L'enseignant en géographie a supervisé plusieurs stages de coopération internationale au Burkina Faso pendant sa carrière au Cégep de Jonquière. C'est là-bas qu'il a connu Fatim, la cuisinière du groupe. Lorsqu'il a pris sa retraite en 2012, il s'est installé avec elle en Afrique et y vit désormais neuf mois par année.

« On s'est marié légalement au Burkina en 2014, reconnu par le Québec comme l'état civil. On a ouvert, en fait, elle a ouvert un petit restaurant dans lequel j'oeuvre un peu pis moi je fais encore du bénévolat tous les matins dans les écoles là-bas », raconte-t-il.

En cinq ans, le couple a fait cinq demandes de visa et a multiplié les démarches légales pour que Fatim passe les vacances d’été au Canada, un séjour de trois mois. Cependant, c’est peine perdue. Le gouvernement craint qu'une fois entrée au pays, elle ne reparte plus.

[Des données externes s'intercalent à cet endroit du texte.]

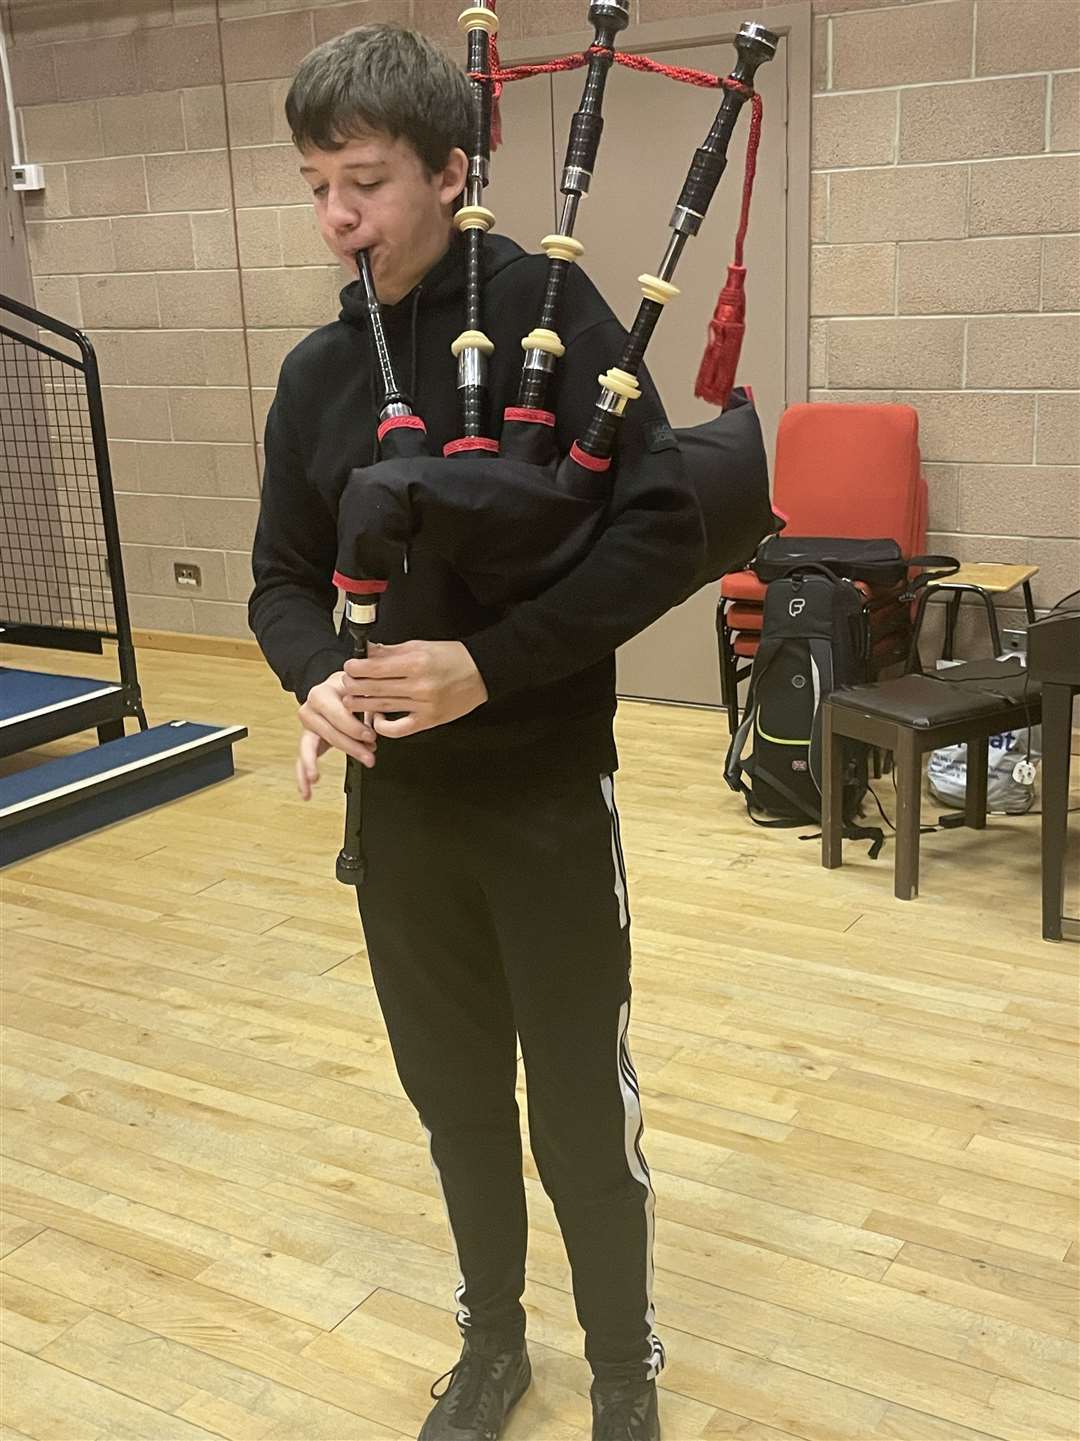 A pupil trys out new set of bagpipes.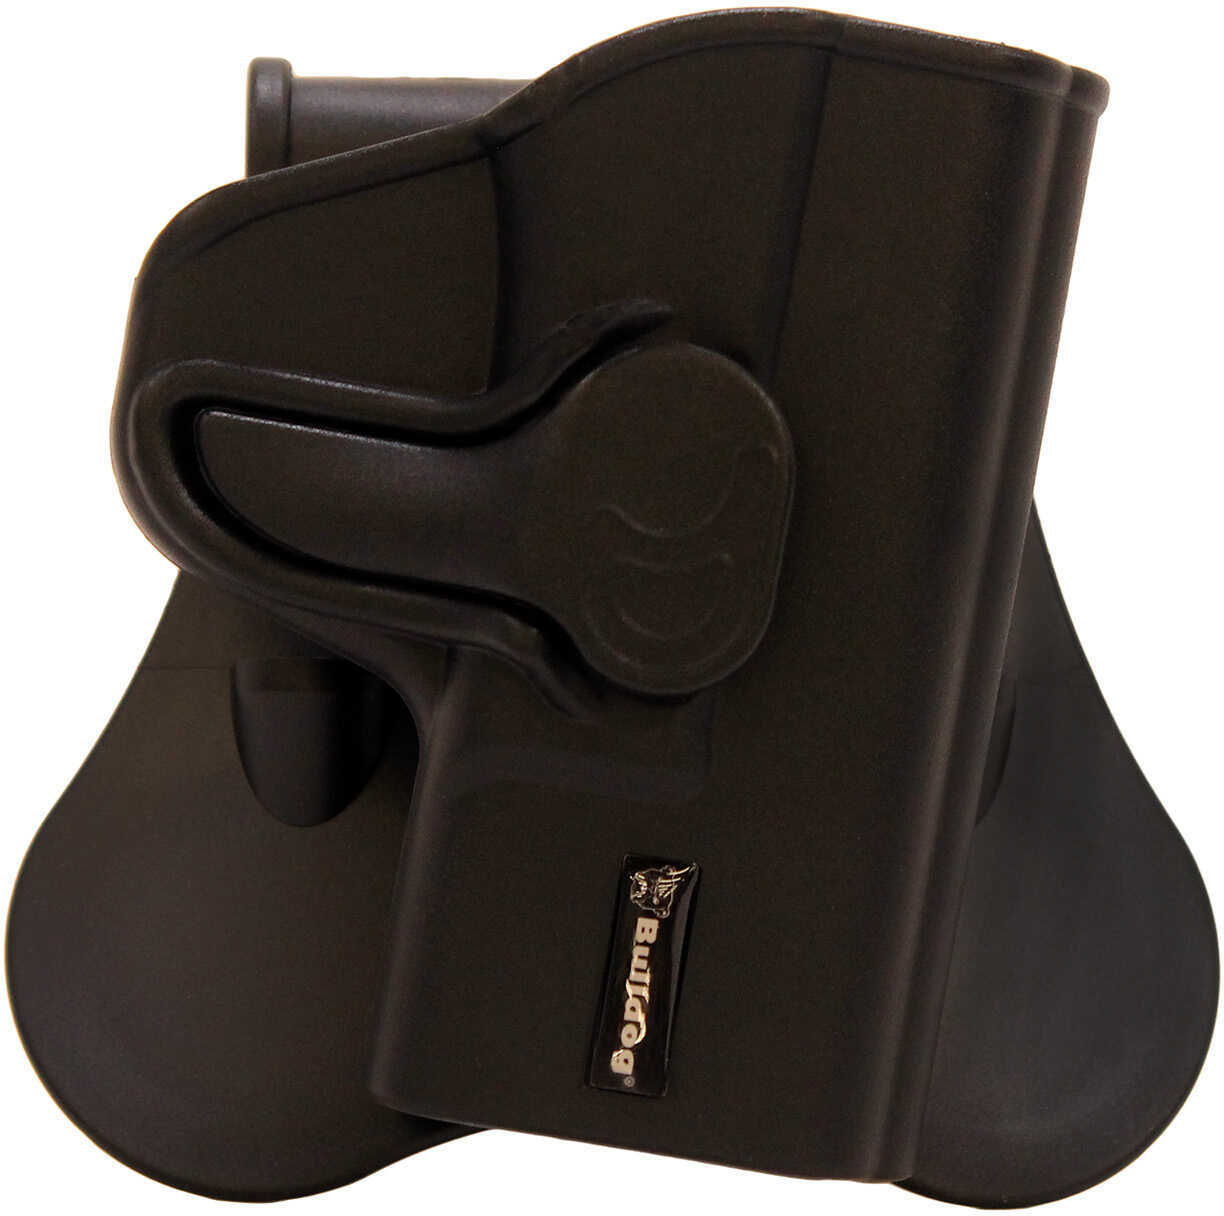 Bulldog Cases Rapid Release Polymer Holster Smith & Wesson M&P Shield, Black, Right Hand Md: RR-SWMPS

« On pourrait faire la demande de résidence permanente; Fatim ne veut pas. Contrairement aux préjugés qu'ont beaucoup de gens, elle est africaine, fière de l'être et de vivre là-bas », ajoute-t-il.

Étienne Troestler souhaite de tout coeur que sa conjointe puisse côtoyer ses enfants et sa mère de 89 ans, qu'elle puisse découvrir la région qui l'a vu grandir.

« Je suis quand même canadien, je paye des impôts canadiens, j'ai une adresse civile canadienne, j'ai vécu, j'ai travaillé ici toute ma vie. »

Cri du coeur

Est-ce parce que sa conjointe est musulmane ou qu'elle provient d'un pays pauvre victime d'attentats terroristes qu’on lui refuse l’entrée au Canada?

Faute de réponse satisfaisante et en désespoir de cause, Étienne Troesler se tourne maintenant vers le premier ministre du Canada à qui il a écrit une lettre.

La députée néodémocrate de Jonquière, Karine Trudel, a promis de la remettre en main propre à Justin Trudeau dès la rentrée parlementaire.

« J'ai pris une chance pour essayer de comprendre. Qu'est-ce que je peux offrir en garantie? L'amour c'est pas suffisant? L'amour ne suffit pas cette fois-là », conclut Étienne Troesler.